In 2012, Arjun waits at the marriage registrar's office for his girlfriend Ayesha to arrive for their wedding. However, Ayesha doesn't show up, leaving Arjun heartbroken.

Four years later, Kishore, a cousin of Arjun's friend, becomes mentally disturbed and believes he is possessed by a spirit due to multiple rejections from girls. Arjun takes Kishore to Mahishasura Mandir in Kerala for treatment. While Kishore is being treated, Arjun becomes attracted to a girl named Amala and falls in love with her. Kishore's treatment is completed, and Arjun is devastated to learn that Amala has left without informing him.

Determined to find her, Arjun travels to her hometown, Vijayawada, only to discover that Amala had died in an accident four years ago and the girl he met in Kerala was not Amala. Back in Hyderabad, Arjun comes across the girl who met him as Amala and discovers that her name is actually Nithya, and she has a completely different personality from the one he saw in Kerala. Arjun learns from Nithya's sister that Nithya was possessed by a spirit named Amala, who had died in an accident.

Over time, Arjun and Nithya grow closer, but during this time, Amala's spirit enters another girl's body and comes to Arjun's house. Although Arjun is terrified, he maintains his composure in her presence. One day, Nithya calls Arjun to meet, so Arjun lies to Amala that he has a meeting with film director S. S. Rajamouli. When Amala discovers the truth, she goes to the building where they are meeting and witnesses Nithya and Arjun kissing.

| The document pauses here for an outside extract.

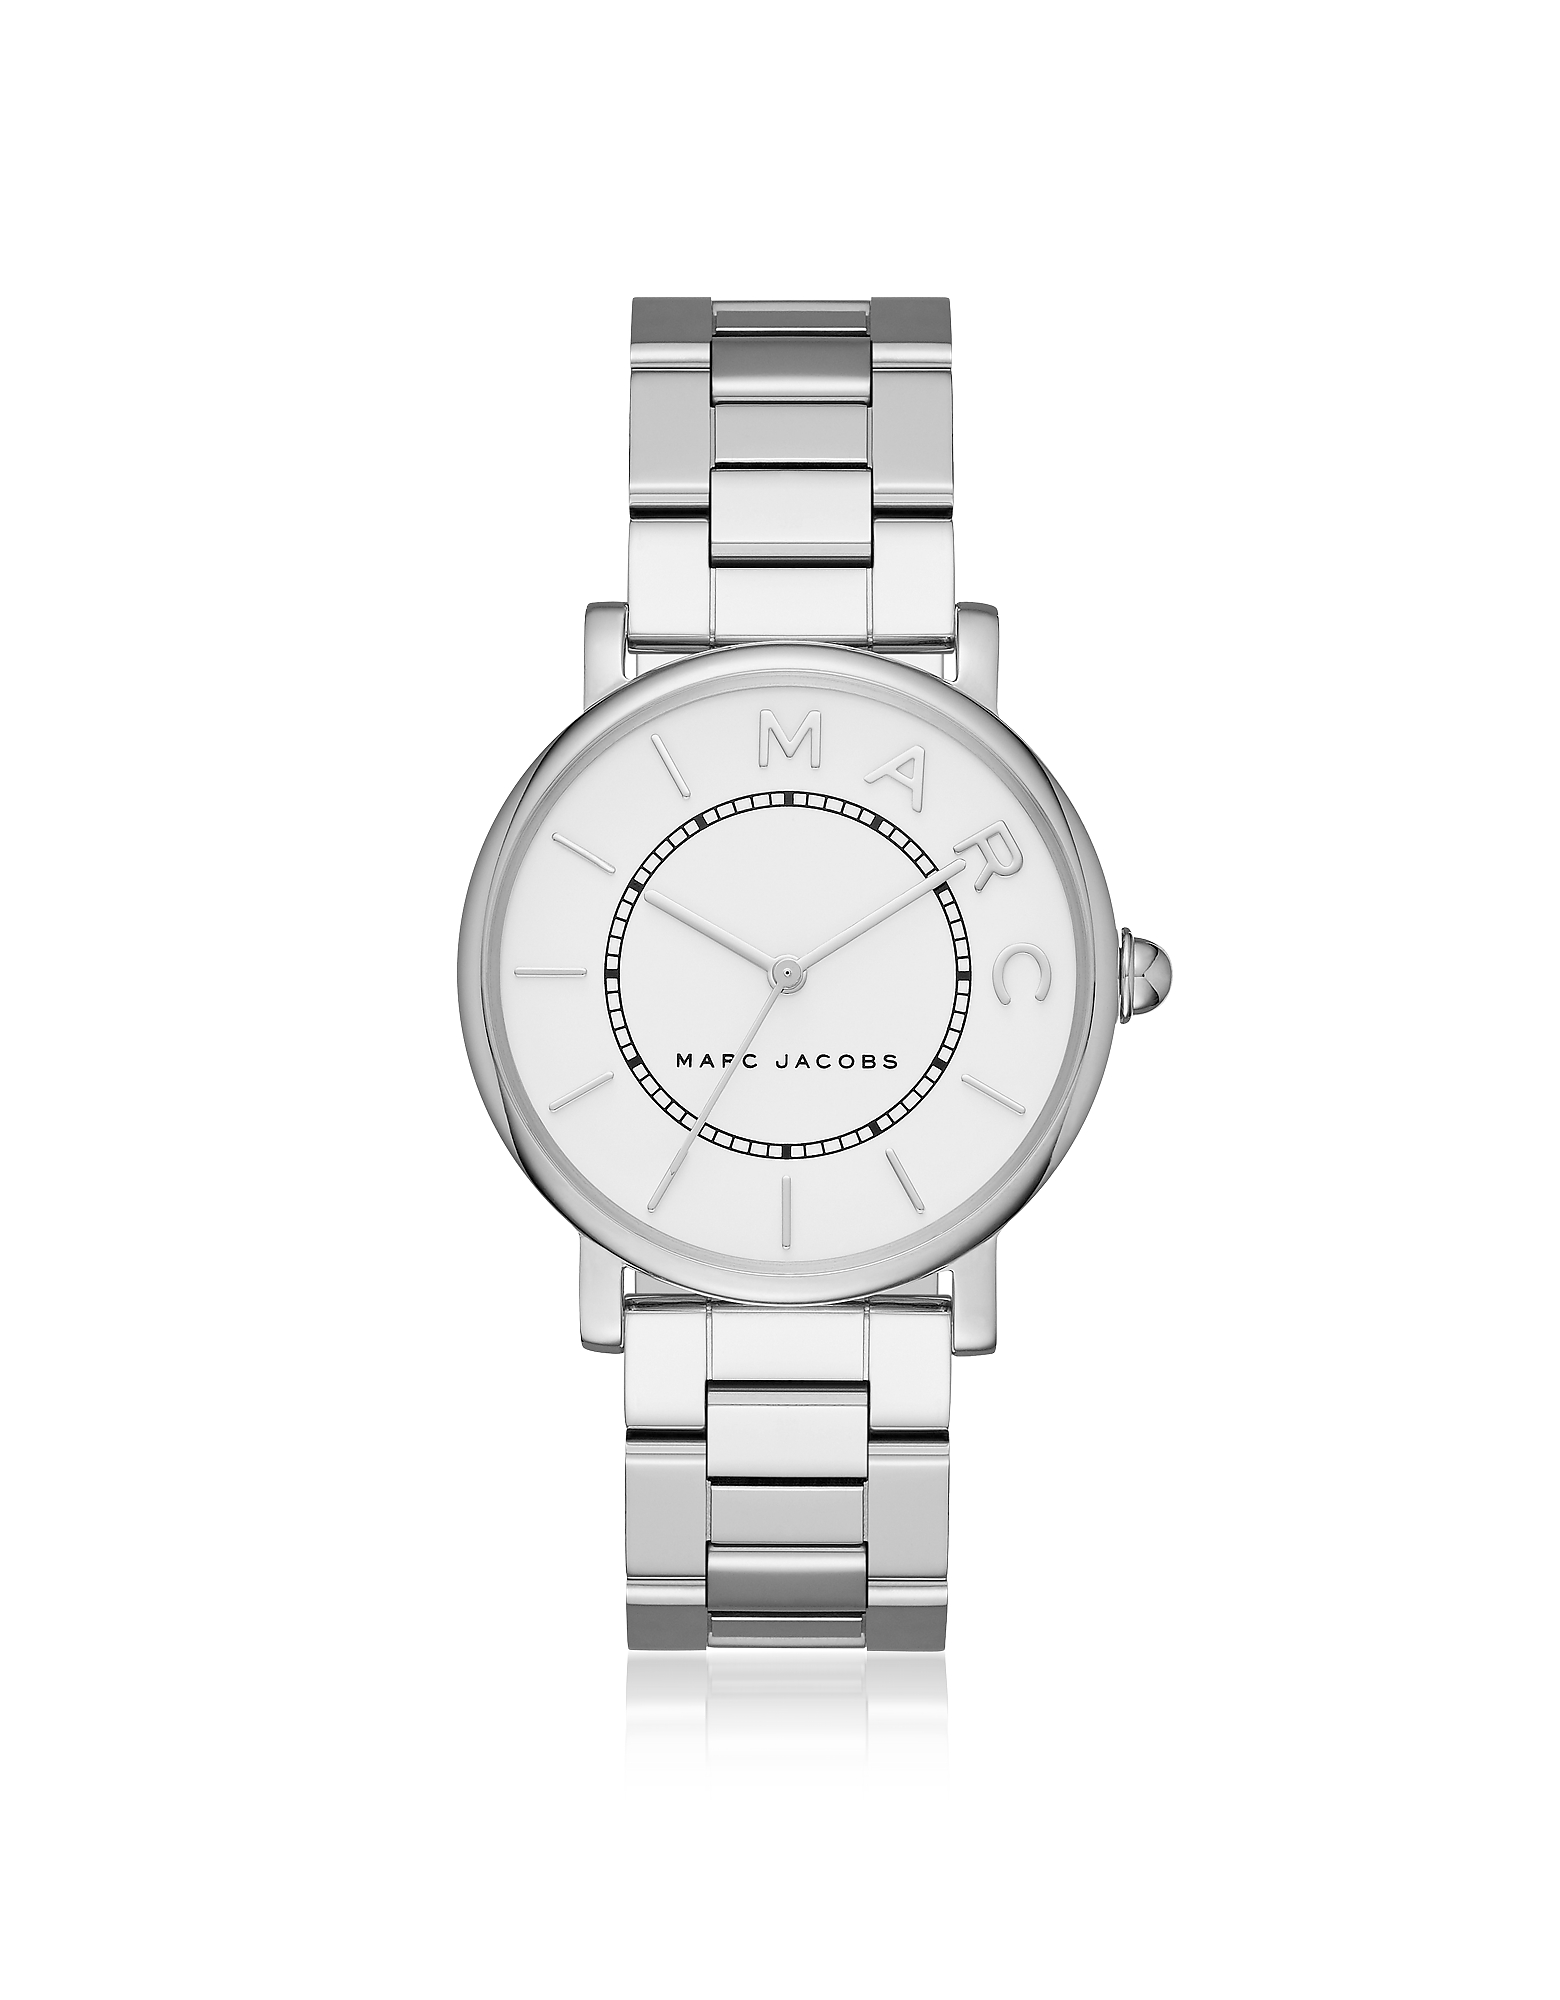 Marc Jacobs Women's Watches, Roxy Silver Tone Women's Watch

After returning home, a shattered Amala reveals to Arjun the fact that she is none other than Ayesha, whose actual name is Amala. Her backstory reveals that Arjun and Amala met in 2012 and Arjun fell in love with her without seeing her face (only her eyes through her Burqa) and not knowing her real identity (mistaking her for a Muslim girl named Ayesha). When Amala/Ayesha tries to avoid Arjun stating that she is not interested in relationship but only marriage, Arjun proposes to her and makes arrangements of their wedding within two days. Amala is touched and is ready to reveal her real self on the day of their planned wedding. Unfortunately on that day, she is chased by an eve-teaser and meets with a road accident and dies instantly. She explains that she possessed the girl named Parvathi and saved her from attempting suicide because Parvathi was being forced to marry her maternal uncle, Rajan.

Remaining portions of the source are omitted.